5.2. Distributions for the Year of Retirement, Disability
Distributions for a Participant for the Year of such Participant's
Retirement, death or Disability shall be on the same basis as for all
Other Participants.
5.3. Bonus Bank Distributions the Year Following the Year of
Retirement, Death or Disability
Bonus Bank Distributions to a Participant in the Year immediately
following the Year of such Participant's Retirement, death or
Disability shall be calculated in the same way as for all other
Participants, except that no adjustments for performance achieved
beyond the year of death or Disability shall be allowed in the case of
Participants who have experienced a termination by reason of death or
Disability. Adjustments to the Bonus Bank for individuals who have
experienced a Retirement will be the same as for all other
Participants for the Year of Retirement. Bonus Bank adjustments, if
any, for the Year immediately subsequent to the Year of Retirement for
such Participants may only be negative, and then only if the Actual
ROC is such that the Performance Factor for the Year subsequent to
Retirement is negative. Such calculations will be based upon the
Participant's Target Bonus Amount for the twelve months immediately
preceding retirement.
Complete Distribution of Bonus Banks of individuals who have
experienced a termination by reason of Retirement, death or Disability
shall be accomplished no later than the Distribution Date for the Year
following the Year of Retirement, death or Disability, even though
<PAGE> 27
such Distribution may exceed twice the terminated Participant's Target
Incentive Amount.
6. Beneficiary Designation
The Participant shall have the right, at any time and from time to
time, to designate and/or change or cancel any person/persons or
entity as to his Beneficiary (both principal and contingent) to whom
Distribution of Award(s) and/or Bonus Bank(s) under this Plan shall be
made in the event of such Participant's death prior to a Distribution.

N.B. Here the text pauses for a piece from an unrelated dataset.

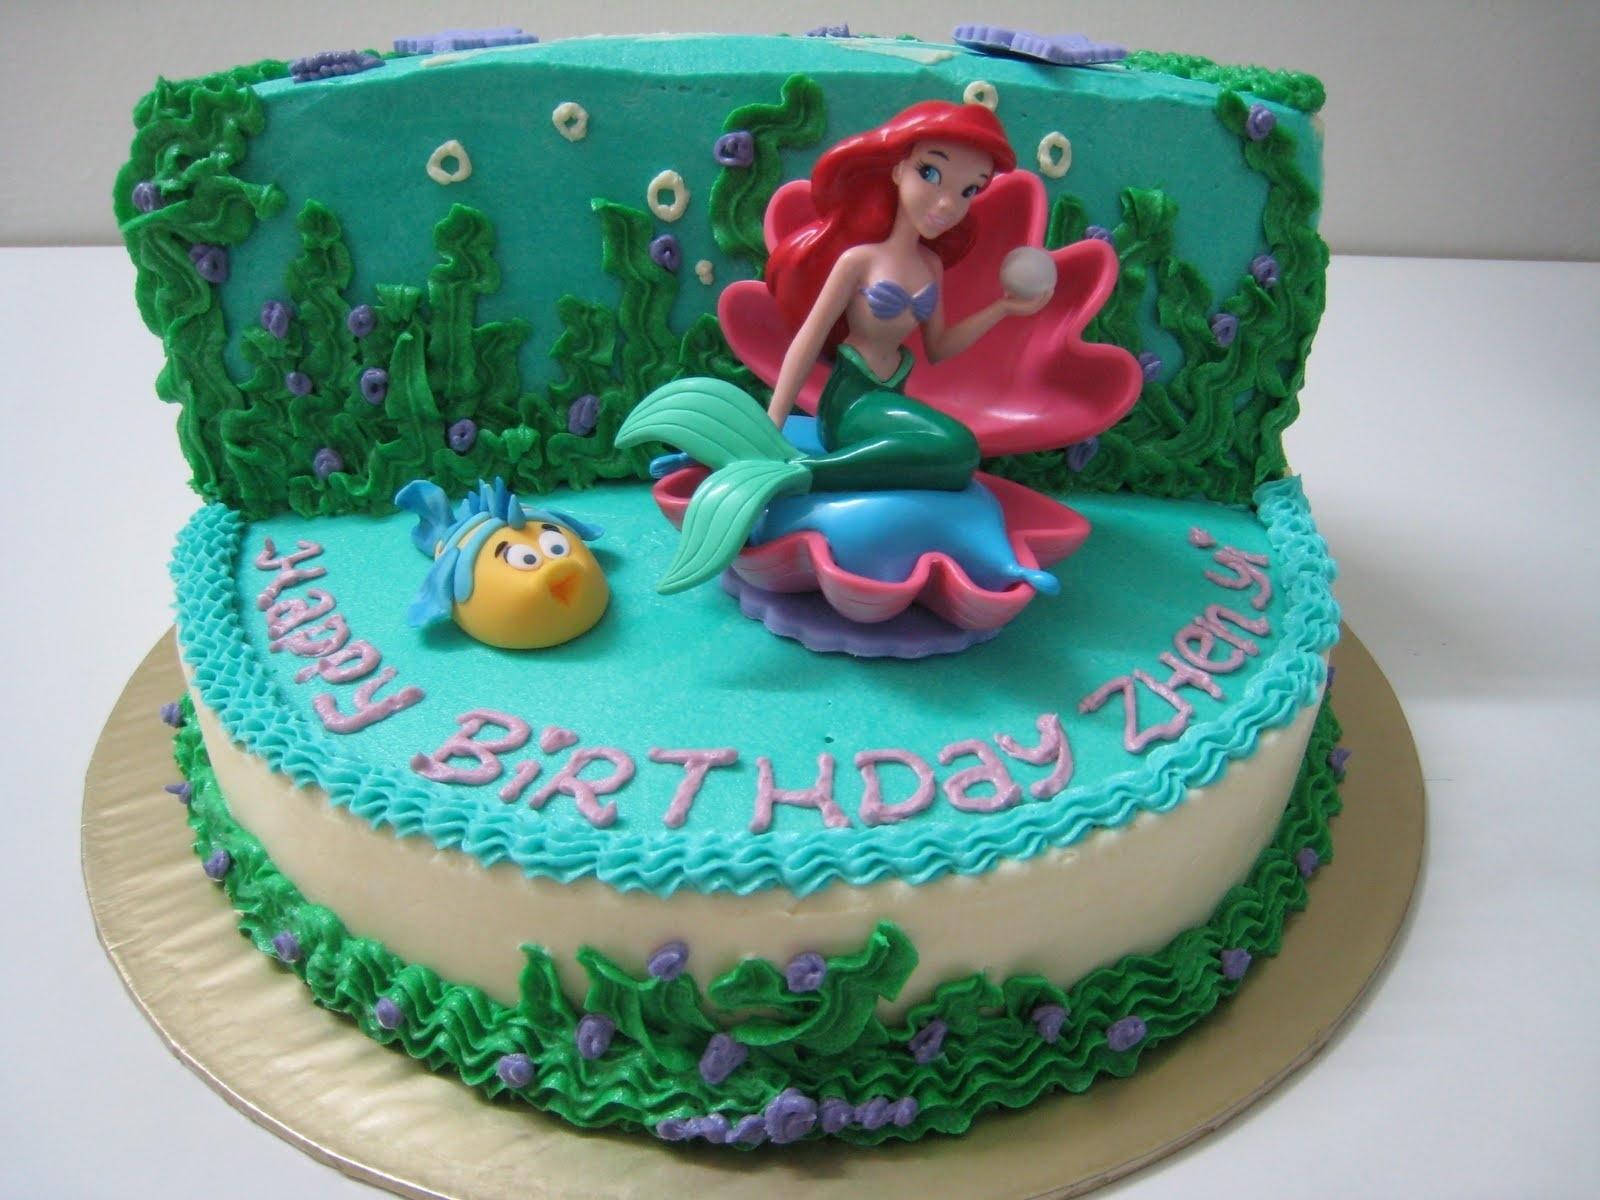 10 Great Little Mermaid Birthday Cake Ideas %name 2021

Any Beneficiary change or cancellation shall become effective only
when filed in writing with the Committee during the Participant's
lifetime on a form provided by or otherwise acceptable to the Company.
The filing of a new Beneficiary designation form will cancel all
Beneficiary designations previously filed. Any finalized divorce of a
Participant subsequent to the date of filing of a Beneficiary
designation form shall revoke any prior designation of the divorced
spouse as a Beneficiary. The spouse of a Participant domiciled in a
community property jurisdiction shall be required to join in any
designation of Beneficiary other than the spouse in order for the
Beneficiary designation to be effective.
If a Participant fails to designate a Beneficiary as provided above,
or, if such Beneficiary designation is revoked by divorce, or
otherwise, without execution of a new designation, or if all
designated Beneficiaries predecease the Participant, then the
Distribution shall be made to the Participant's estate.
7. Miscellaneous
7.1. Unsecured General Creditor
Participants and their beneficiaries, heirs, successors and assigns
shall have no legal or equitable rights, interests, or other claim in
any property or assets of the Employer. Any and all assets shall
remain general, unpledged, unrestricted assets of the Employer. The
Company's obligation under the Plan shall be that of an unfunded and
unsecured promise to pay money in the future, and there shall be no
obligation to establish any fund, any security or any otherwise
restricted asset, in order to provide for the payment of amounts under
the Plan.
7.2. Obligations To The Employer
If a Participant becomes entitled to a Distribution under the Plan,
and, if, at the time of the Distribution, such Participant has
outstanding any debt, obligation or other liability representing an
amount owed to the Employer, then the Employer may offset such amounts
owing to it or any affiliate against the amount of any Distribution.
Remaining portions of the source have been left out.